A Windows Phone app can also dynamically generate audio waveforms, a technique called “audio streaming.” This is an extremely data-intensive activity: For CD-quality sound you need to generate 16-bit samples at a rate of 44,100 samples per second for both left and right channels, or a whopping 176,400 bytes per second!
But audio streaming is a powerful technique. If you combine it with multi-touch, you can turn your phone into an electronic music instrument, and what could be more fun than that?
Conceiving a Theremin
One of the very earliest electronic music instruments was created by Russian inventor Léon Theremin in the 1920s. The player of a theremin doesn’t actually touch the instrument. Instead, the player’s hands move relative to two antennas, which separately control the volume and pitch of the sound. The result is a spooky quivering wail that glides from note to note—familiar from movies such as “Spellbound” and “The Day the Earth Stood Still,” the occasional rock band, and season 4, episode 12 of “The Big Bang Theory.” (Contrary to popular belief, a theremin was not used for the “Star Trek” theme.)
Can a Windows Phone be turned into a hand-held theremin? That was my goal.
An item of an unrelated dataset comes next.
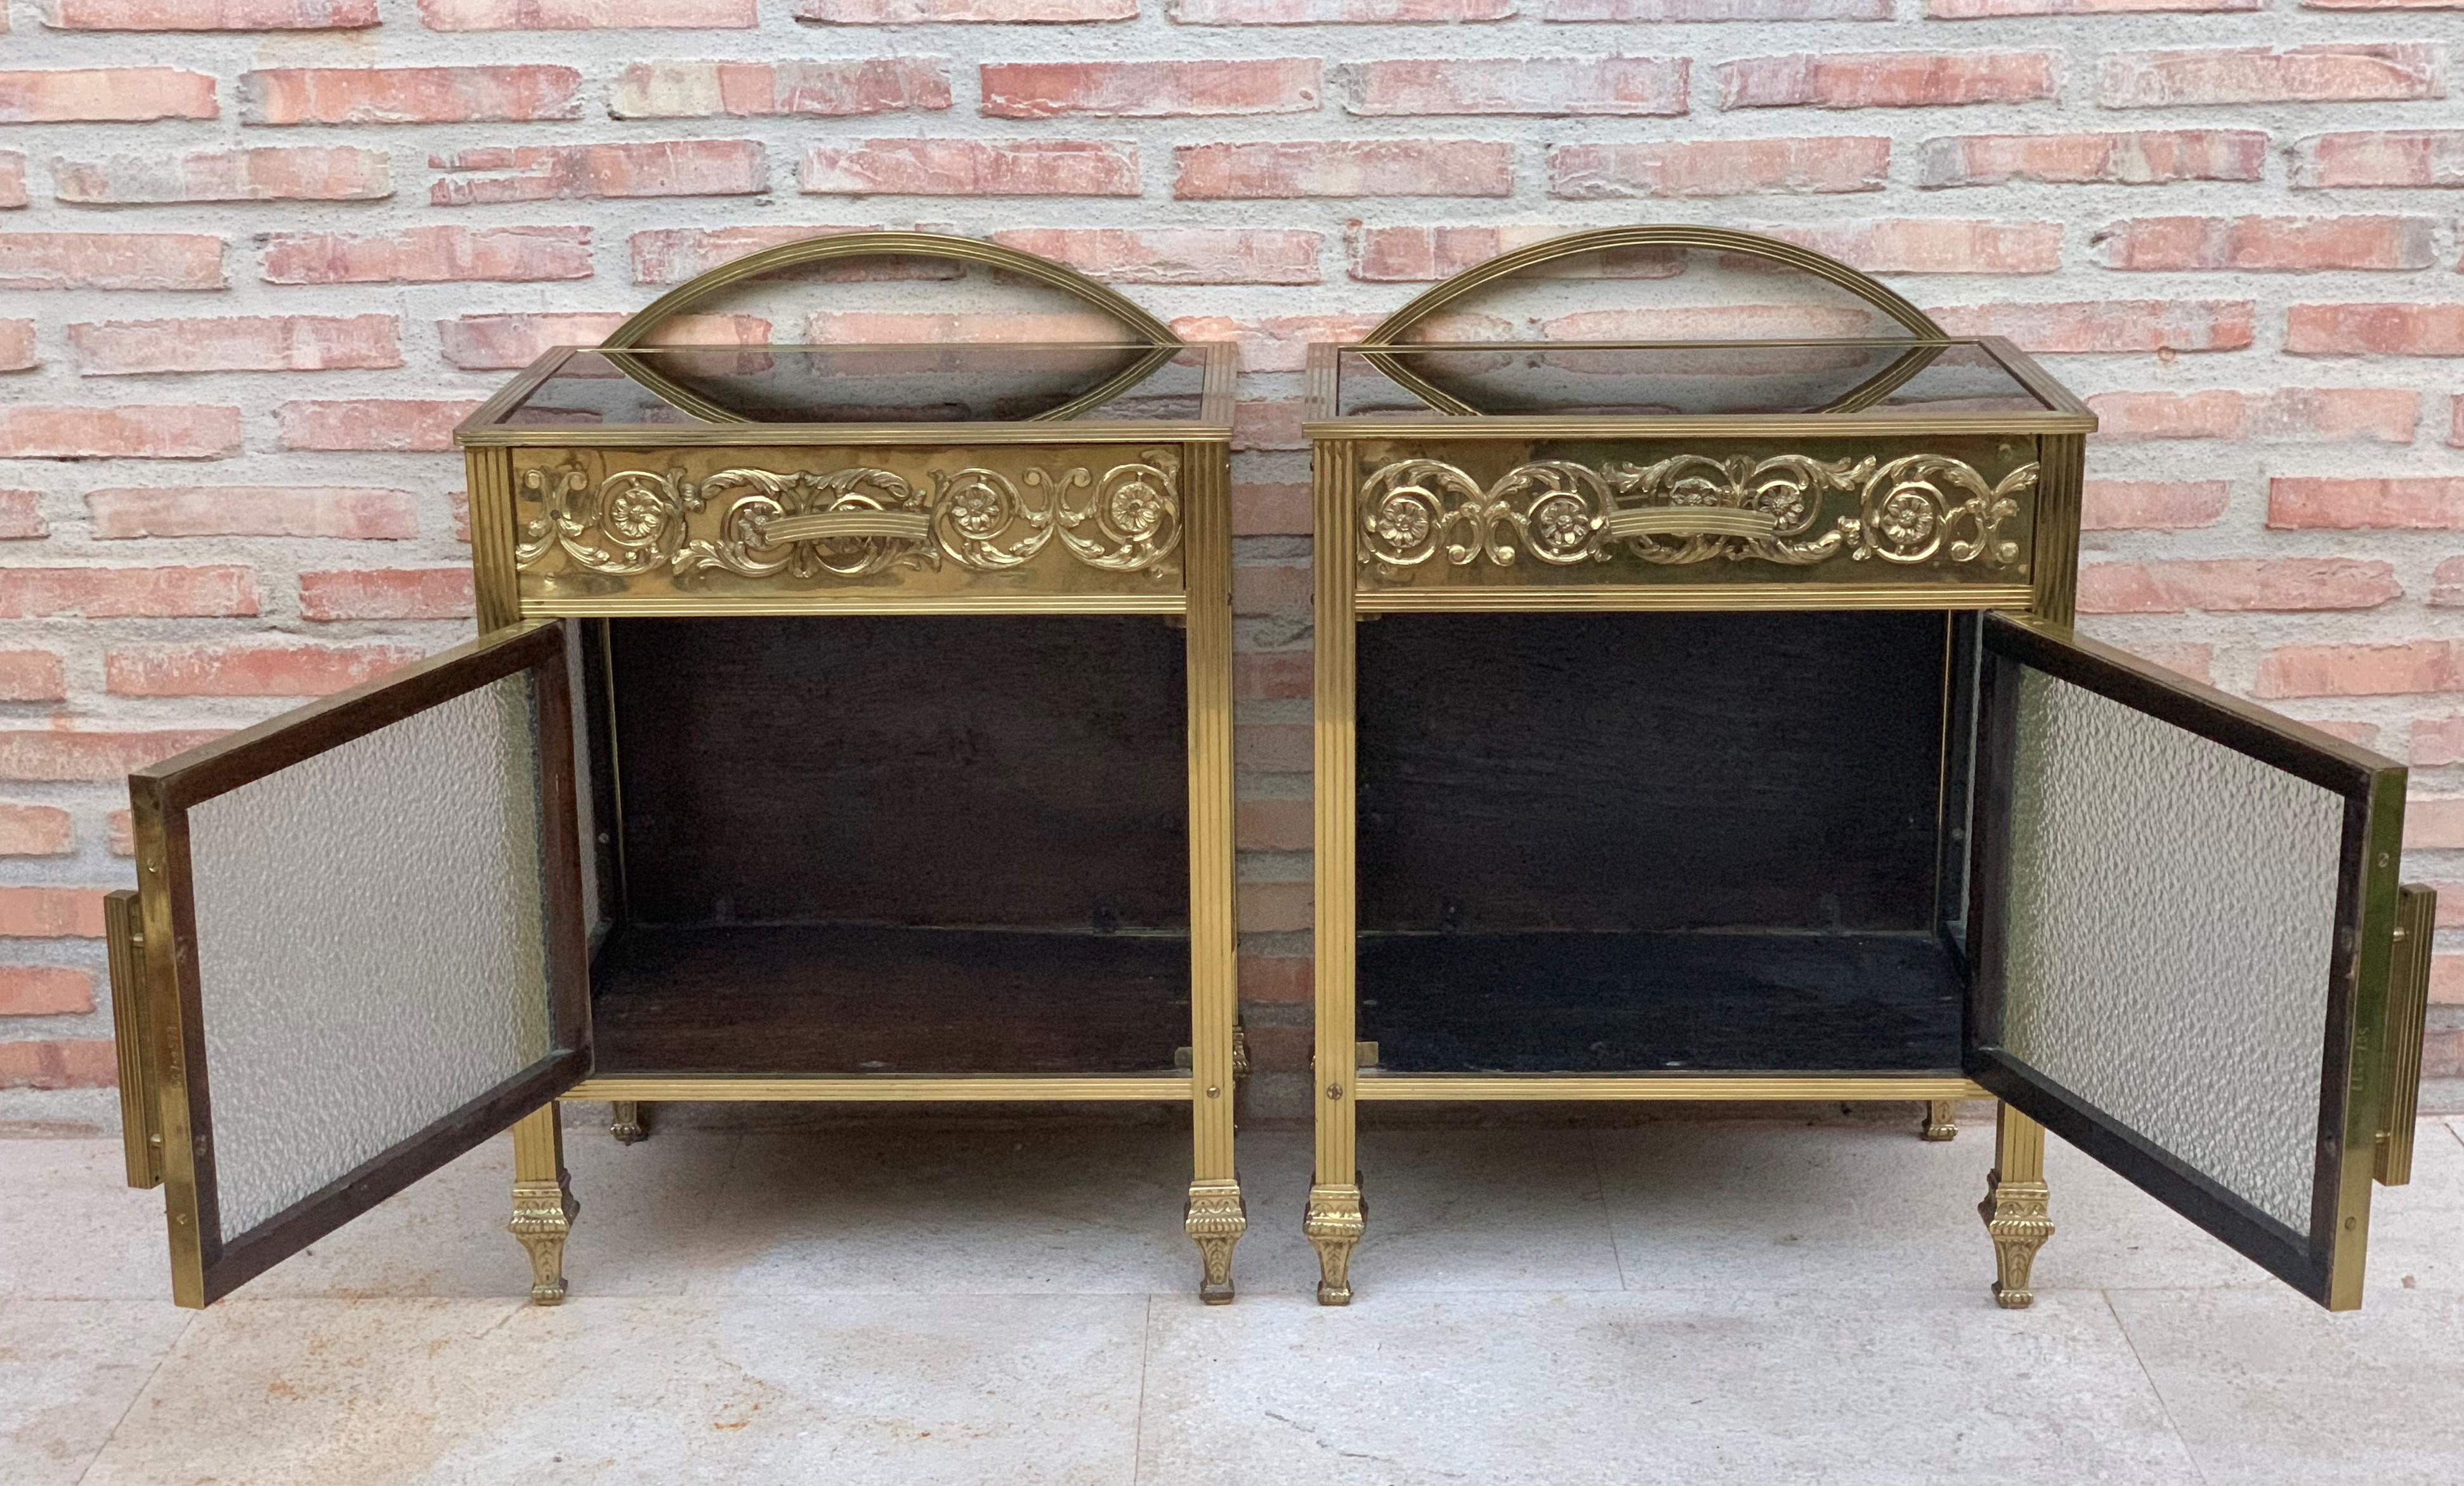 20th century pair of bronze nightstands with glass door and drawers.

This bronze or glass vitrine cabinet or nightstand is simply stunning and constructed of the finest quality. The bronze mounts of Fine form with a single drawer over an open

The classical theremin generates sound through a heterodyning technique in which two high-frequency waveforms are combined to produce a difference tone in the audio range. But this technique is impractical when waveforms are generated in computer software. It makes much more sense to generate the audio waveform directly.
After toying briefly with the idea of using the phone’s orientation to control the sound, or for the program to view and interpret hand movements through the phone’s camera à la Kinect, I settled on a much more prosaic approach: A finger on the phone’s screen is a two-dimensional coordinate point, which allows a program to use one axis for frequency and the other for amplitude.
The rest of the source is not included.